Courts Redefine Grant Disputes
Much of the discussion focused on how federal courts, including the U.S. Supreme Court, began to more clearly define the rights and remedies available to grant recipients in the context of dispute under their agreements. Partner Scott Sheffler described 2025 as "an incredibly impactful year," in terms of executive action and in the courts, noting that litigation over federal agency authorities reached levels not seen since early twentieth-century administrative law battles. Most notable among these cases was the Supreme Court's divided decision in National Institutes of Health v. AFFA, which limited the ability of grantees to seek reinstatement of terminated awards in district court and instead routed many disputes to the Court of Federal Claims. Sheffler emphasized that the ruling signaled "a fundamental change in the grant system," forcing organizations to rethink litigation strategy when challenging agency actions.
Other cases illustrated narrower but significant openings for relief. For example, in a challenge brought by Radio Free Europe with respect to delays in its funding, the U.S. District Court for the District of Columbia held that when Congress explicitly directs funding by statute, agencies have little discretion to withhold awards. Sheffler underscored the lesson for nonprofits: "If you can be named in the statute...you'll be in a much stronger position." To this end, funding secured by earmark may prove increasingly important. Meanwhile, high-profile disputes involving Harvard University showed that constitutional and civil rights claims may still anchor grant challenges in district court, preserving the possibility of injunctive relief when agencies fail to follow required procedures.

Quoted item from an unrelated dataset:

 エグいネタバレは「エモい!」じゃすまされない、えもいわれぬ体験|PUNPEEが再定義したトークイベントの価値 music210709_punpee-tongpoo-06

DEI Policies and Compliance Risks
Another dominant theme was the federal government's aggressive reinterpretation of civil rights laws in the context of diversity, equity, and inclusion initiatives. Partner Dismas Locaria explained that a series of executive orders issued early in 2025 sought to eliminate what the administration viewed as preferential treatment based on protected characteristics. "These laws have not changed," Locaria said, referring to long-standing civil rights statutes. "What has changed...is the intended interpretation by the administration and the Department of Justice." That reinterpretation led to government-wide grant reviews resulting in mass terminations of what the administration viewed as illegal DEI programming.

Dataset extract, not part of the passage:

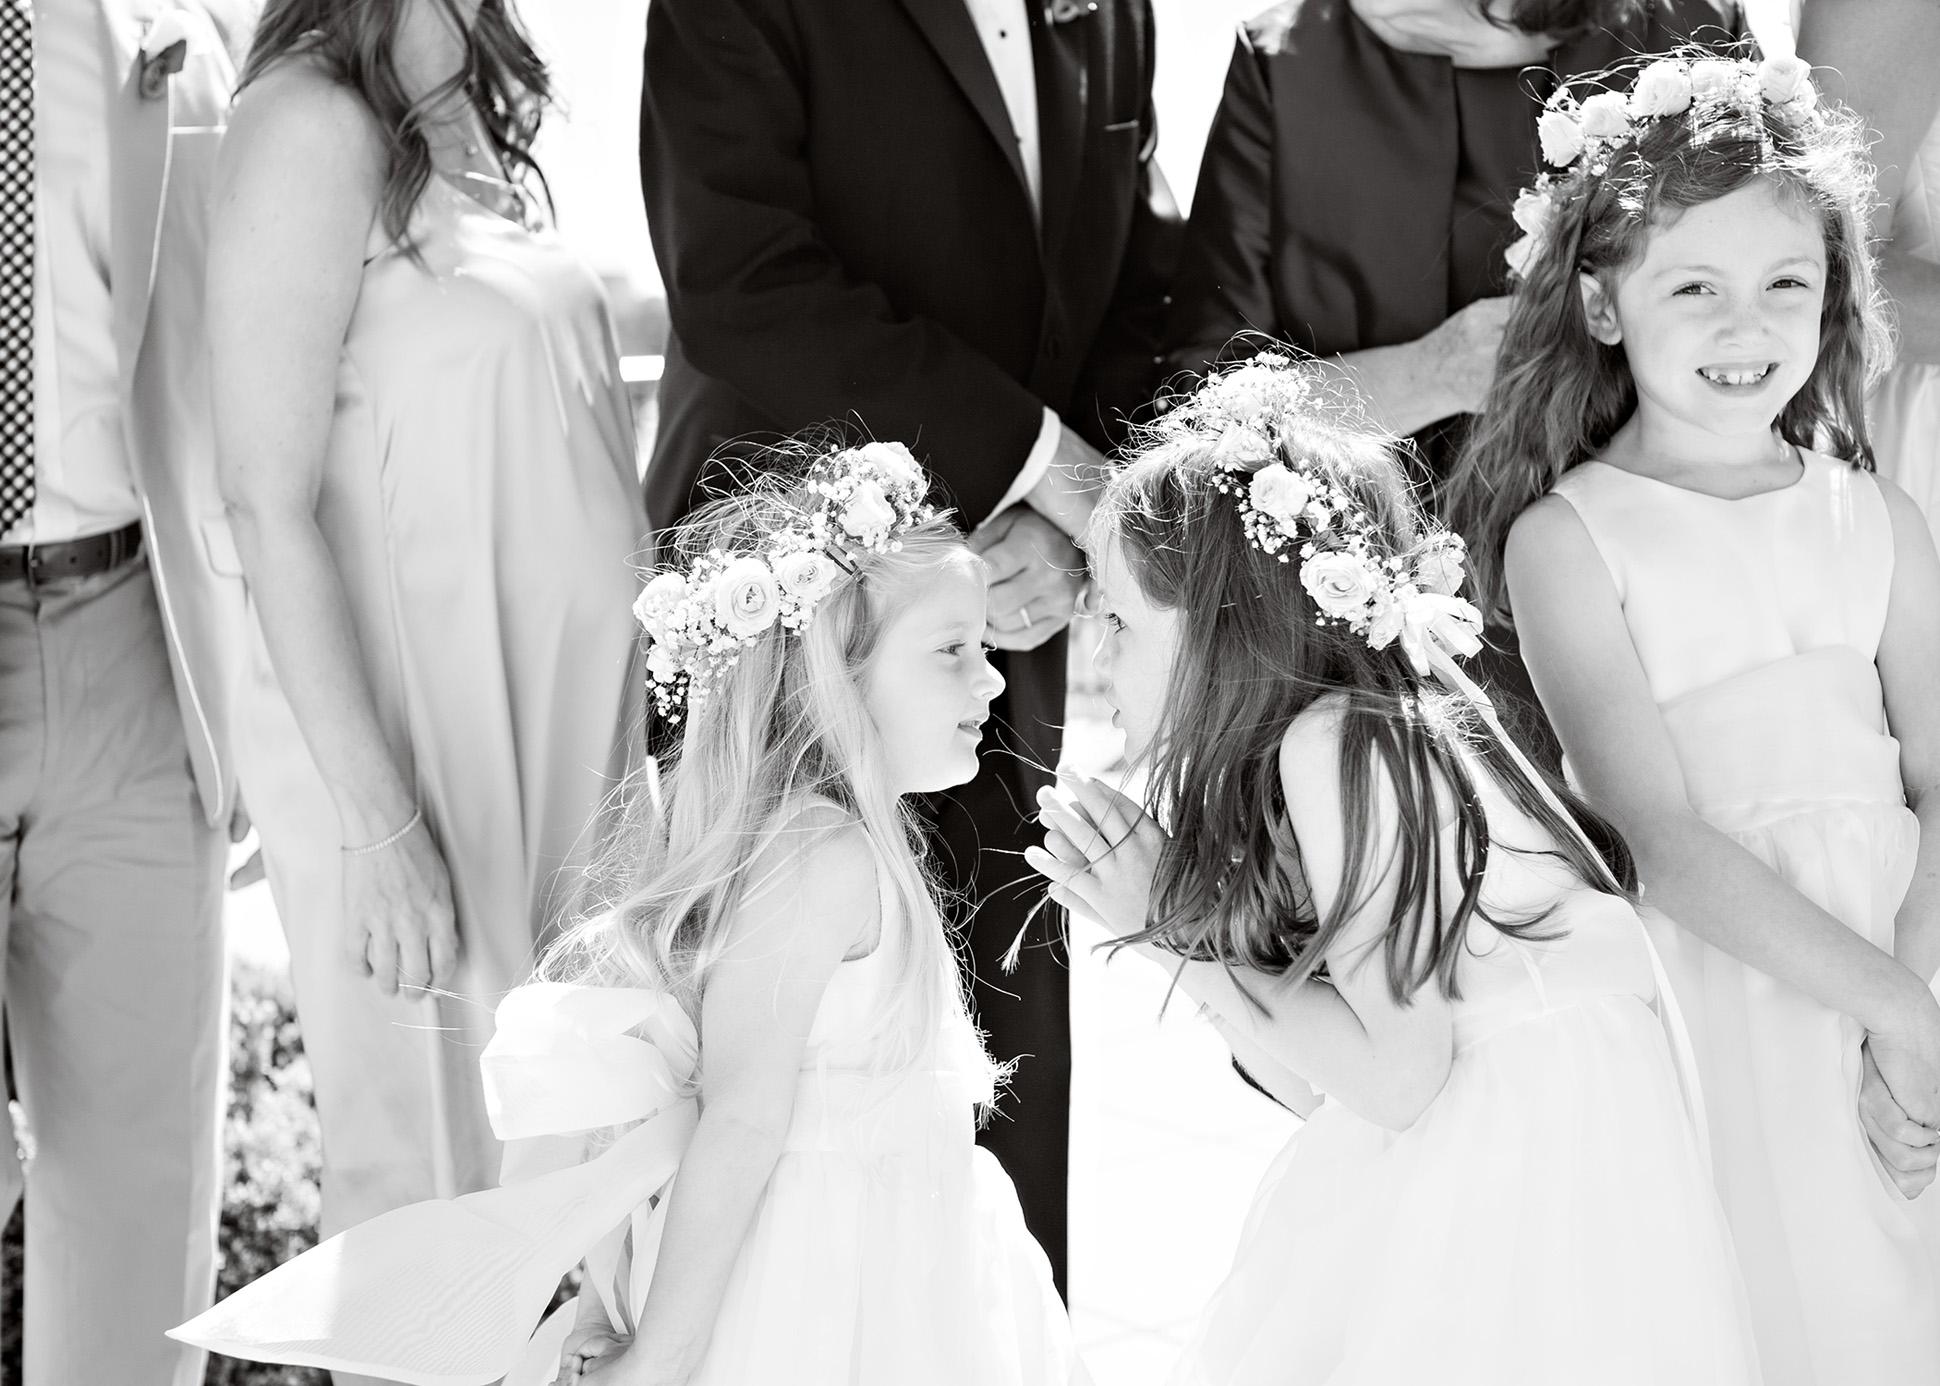 22-Sara Stadtmiller-SRS-Photography-Asbury-Park-Wedding-Photographer-Monmouth-County-Wedding-Photographer-NJ-Wedding-Photographer-Molly-Pitcher-Inn-Wedding

The Justice Department's midyear guidance on what might constitute illegal DEI amplified uncertainty by identifying not only explicit preferences but also "proxies" that could trigger enforcement, including institutional targeting and certain training programs. Locaria warned that the inclusion of material compliance certifications in grant agreements raised the specter of False Claims Act liability, creating what he described as "a very strong stick to force compliance." Although several courts questioned the vagueness of the executive orders, nationwide injunctions have largely been curtailed, resulting in what Locaria called a "patchwork" of injunctive relief applicable to certain agencies and certain geographic regions of the country. As a result, the administration's effort to impose anti-DEI requirements and certifications have largely begun across the government and are likely to take a firmer hold in 2026.
Indirect Costs and Agency Authority
Indirect cost recovery emerged as another flashpoint. Multiple agencies attempted to impose caps on indirect rates, prompting swift legal challenges. Sheffler noted that courts consistently rejected those efforts, relying on both appropriations riders and the structure of the Uniform Guidance. "None of the attempts at rate caps have been successful," he said, adding that Congress has begun to respond by further restricting agency authority through legislation. The clash highlighted growing tension between the executive branch and lawmakers over how much discretion agencies should have in reshaping grant economics.

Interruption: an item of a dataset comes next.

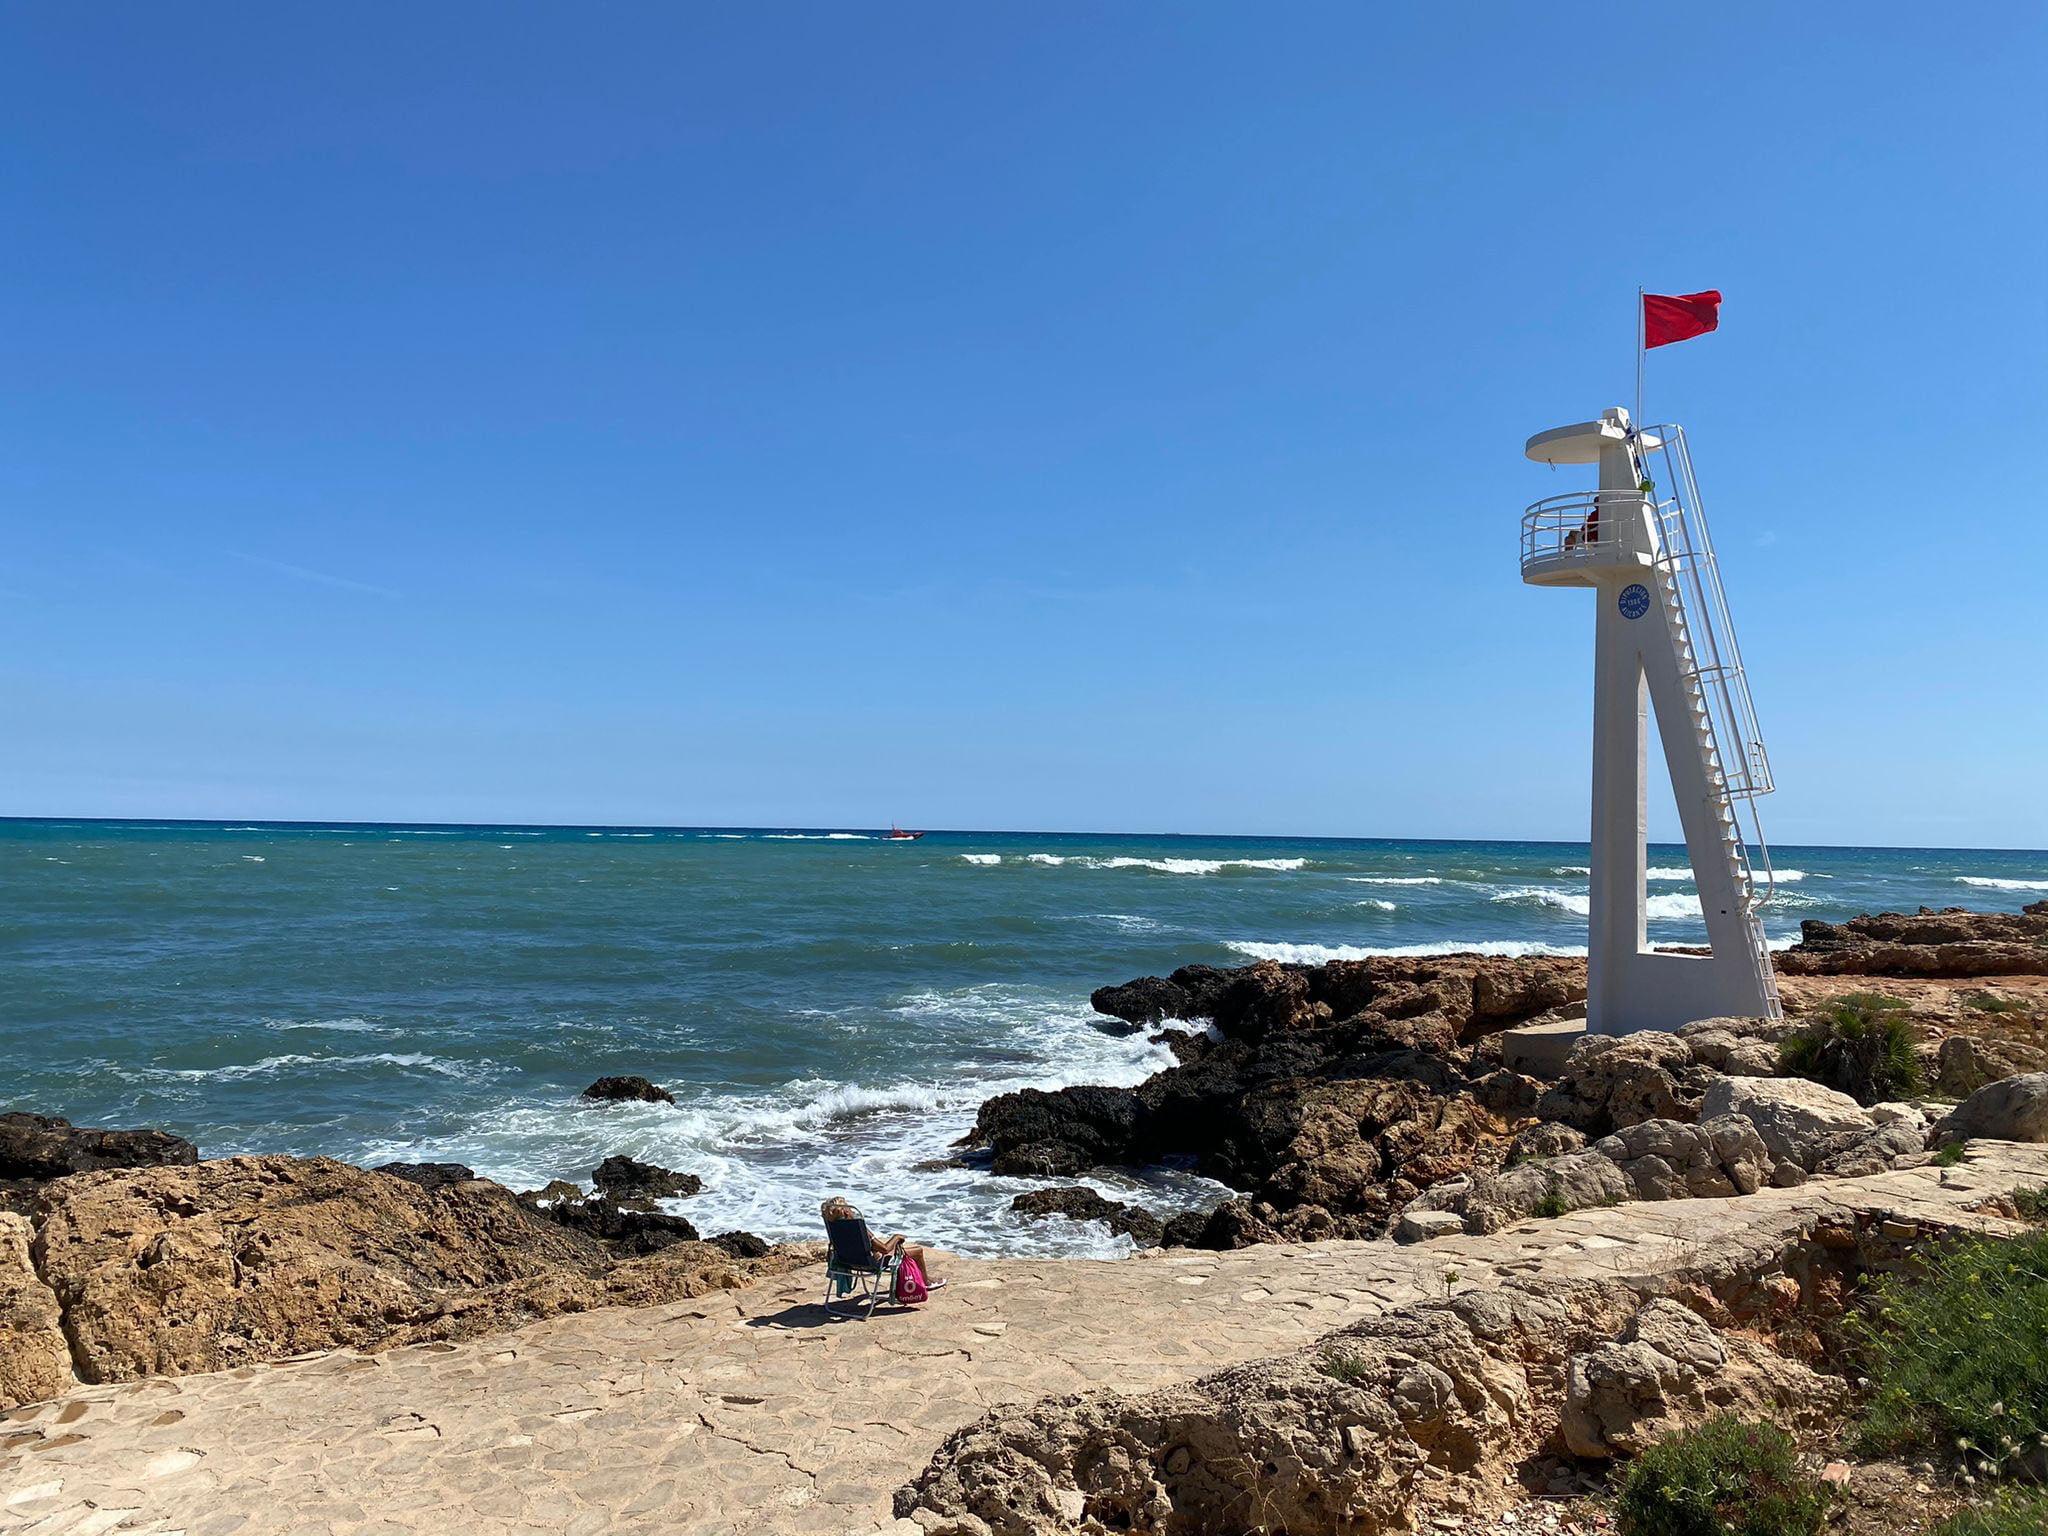 La bandera roja ondea en El Trampolí

What Lies Ahead for Grantees
Looking forward, speakers agreed that 2026 will bring continued volatility. Partner George Constantine framed the past year as "among the most consequential 12 months ever in this area," citing the convergence of executive orders, litigation, and delayed congressional action. A key concern is an executive order directing senior political appointees to review discretionary awards and mandating revisions to the Uniform Guidance that could formalize termination-for-convenience authority. Locaria cautioned that such changes may further erode stability for recipients, particularly if agencies gain clearer authority to simply terminate grants that no longer align with administration priorities.
Taken together, the developments reviewed during the webinar underscored a stark reality for nonprofits: federal grants now operate in a far more politicized and legally complex environment. As Constantine observed, organizations will need to adapt quickly as courts, Congress, and agencies continue to redefine the rules governing federal funding.